There was the Kendo club, Water Polo, there was even a casual running club for all skill levels where people would just run around campus as a group, but when I saw that hoop behind one of the tables it immediately drew my attention.

I signed up and began my Quidditch career.

The first thing you should know about Quidditch: it’s hard.

If I had to compare it to any other sports in intensity, speed, and strategy, I would compare it to rugby and basketball.

Real life Quidditch is full contact — which means there's a lot of tackling and wrapping and getting taken to the ground — and it’s also co-ed and gender-inclusive, even including rules that don’t allow gender exclusivity in-game.

But the game itself is hard to master. There are so many different intertwining concepts that all work together and alone in order to keep the game moving forward, and the barrier to entry can feel a little high sometimes.

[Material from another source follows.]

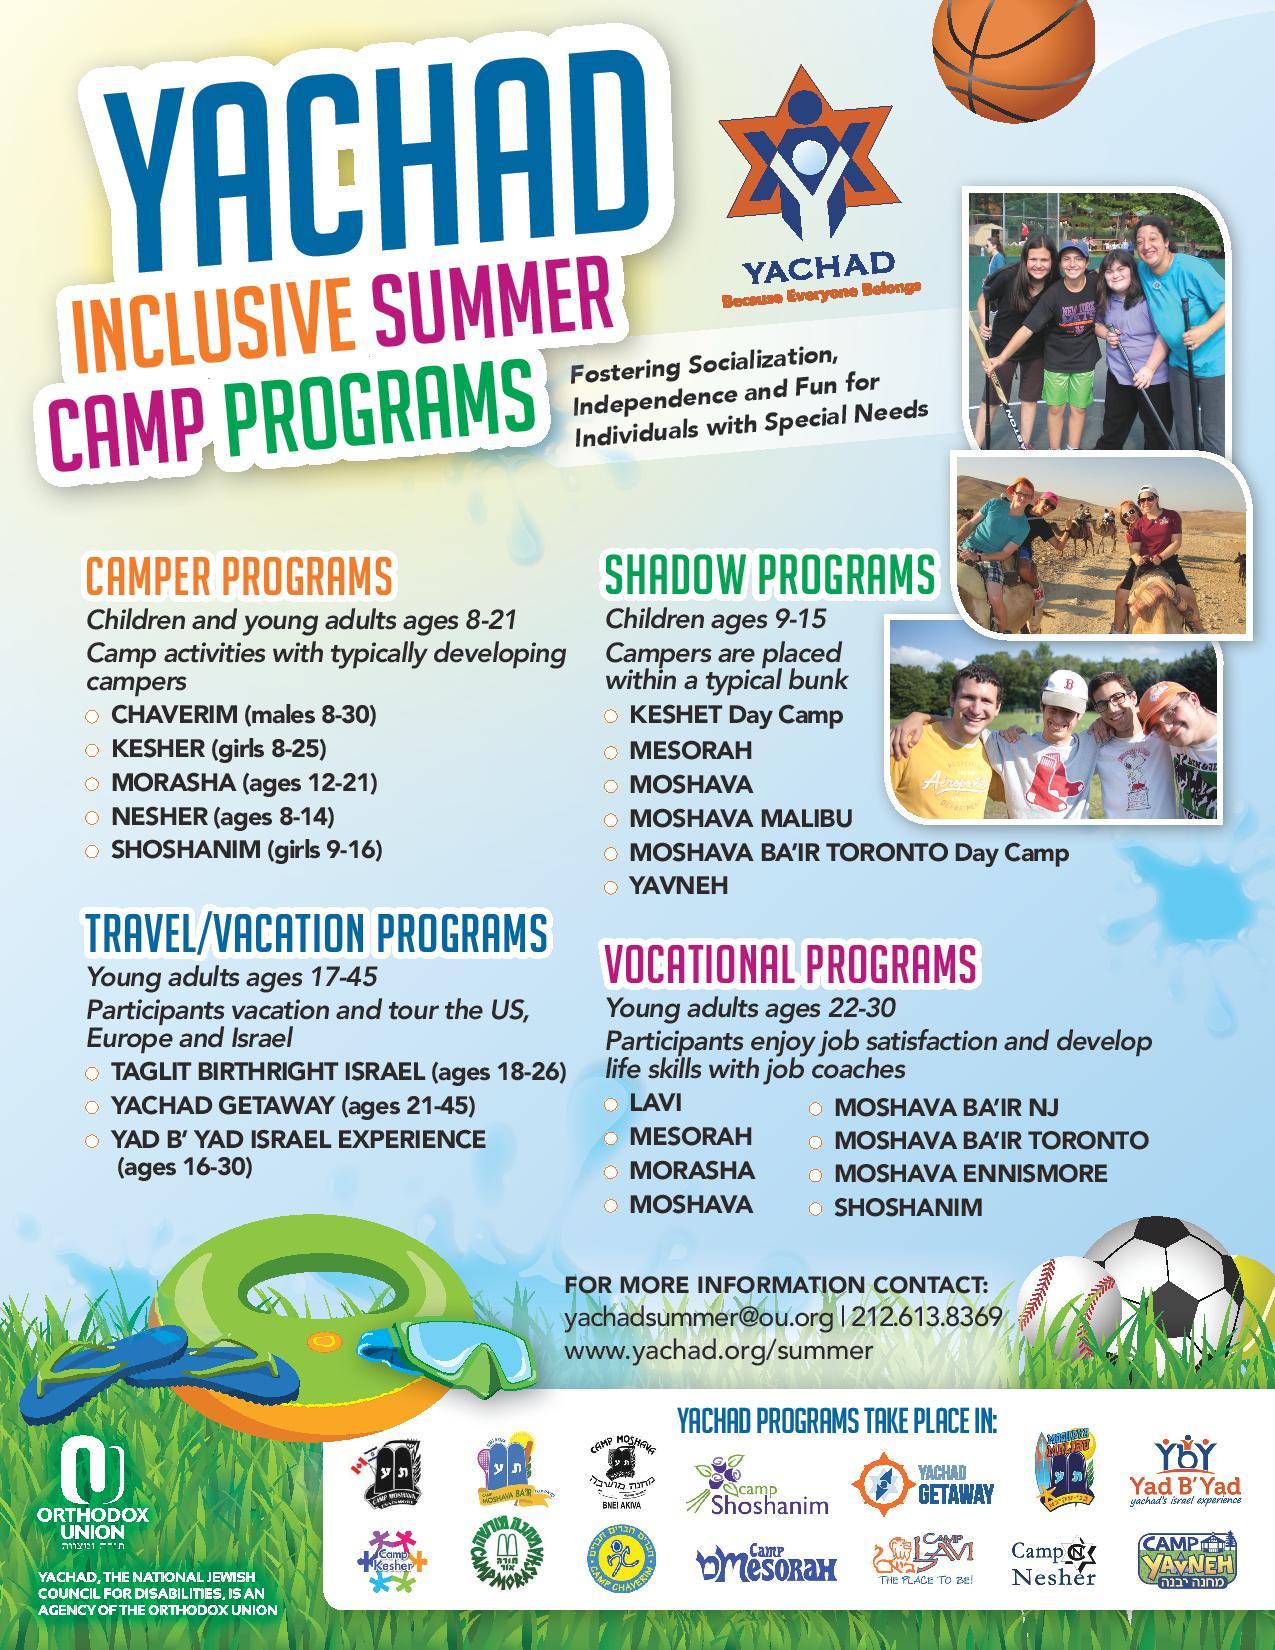 Yachad Inclusive Summer Camp Programs - Yachad - photo#17

So, how many players are on a Quidditch team? 

There are 4 different Quidditch positions: keeper, chaser, beater, and seeker. 

The game is 6v6 until snitch is on pitch, so the split goes: 1 keeper, 3 chasers and 2 beaters.

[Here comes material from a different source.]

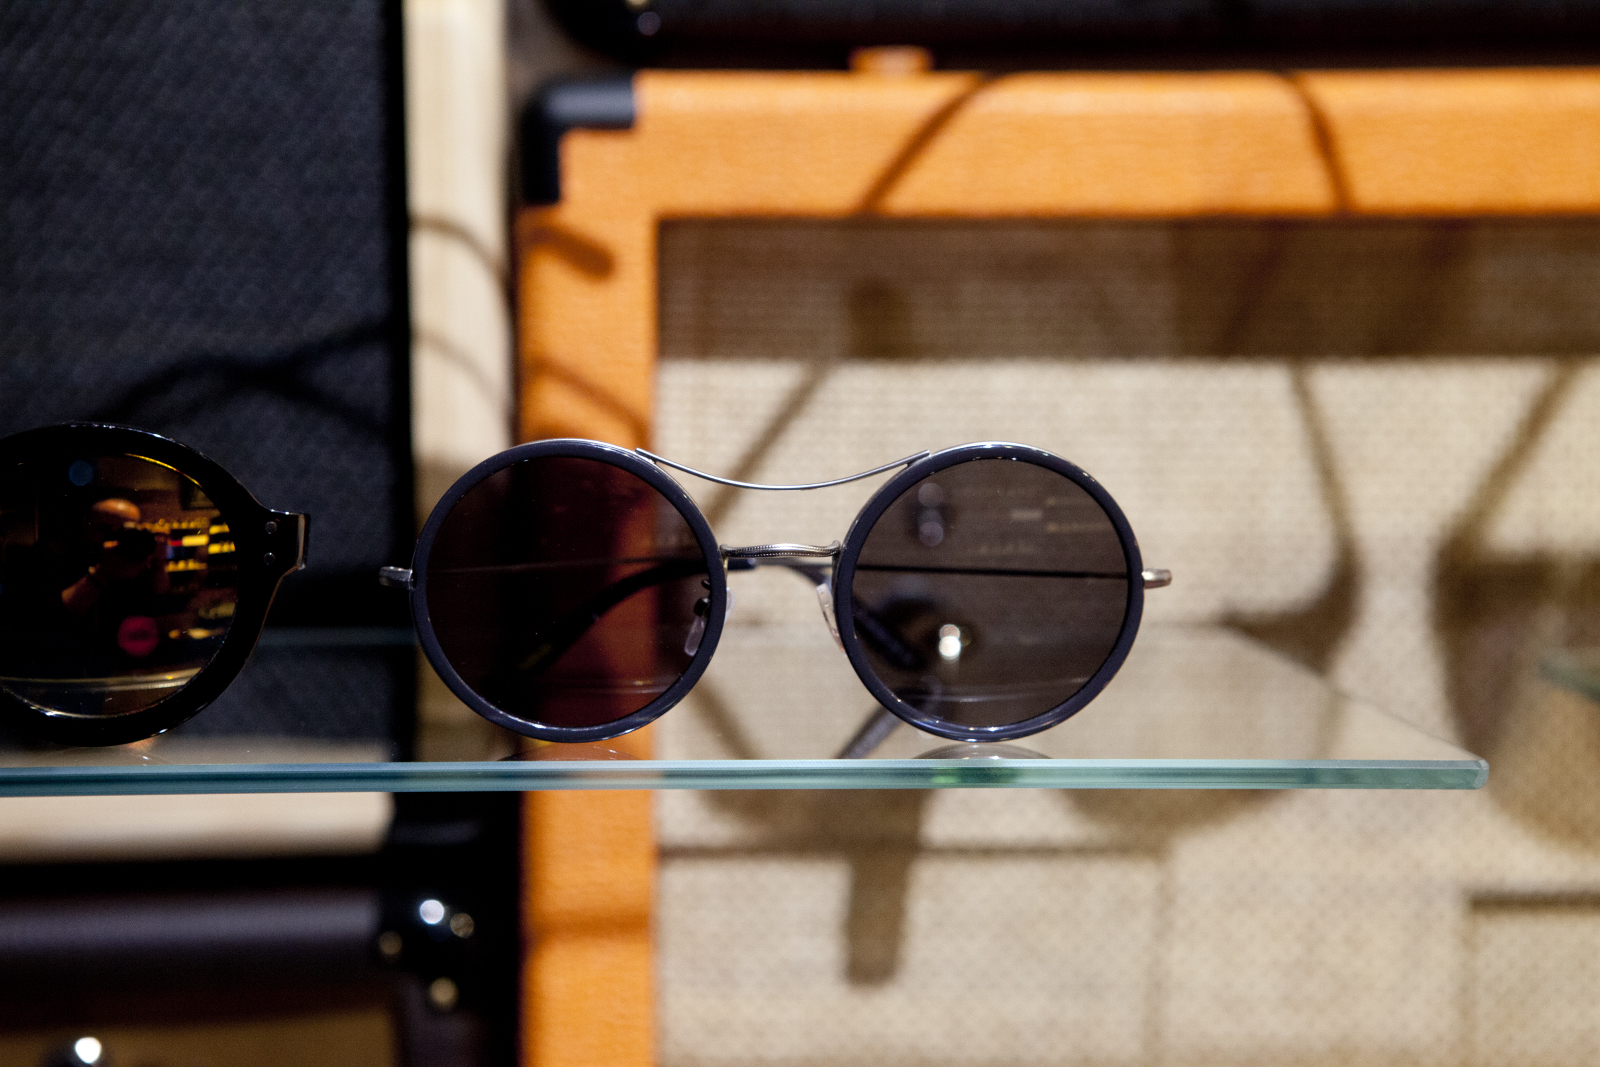 Robert_Adalierd_Rob_Design_Furniture_Wilde_sunglasses_19.jpg

Keepers and chasers both play with the same ball — the ‘quaffle’, which is the scoring ball, usually a volleyball — except keepers stay at the hoops on defense to defend shots and drives. Besides that, they’re practically interchangeable.

Beaters play with the ‘bludgers’ — a chaotic tool used to disrupt players and plays, it’s usually a dodgeball. 

The beater’s job also isn’t unlike dodgeball. 

When they throw their bludger at a player, that player needs to dismount from their “broom” (no longer a real broom and now a PVC pipe), leave the play and drop whatever ball they might have been holding, and touch their team's hoops to get back into play.

There are only 3 bludgers on the field and 4 beaters (2 per team) so teams are constantly fighting for “bludger control,” which gives a huge offensive and defensive advantage.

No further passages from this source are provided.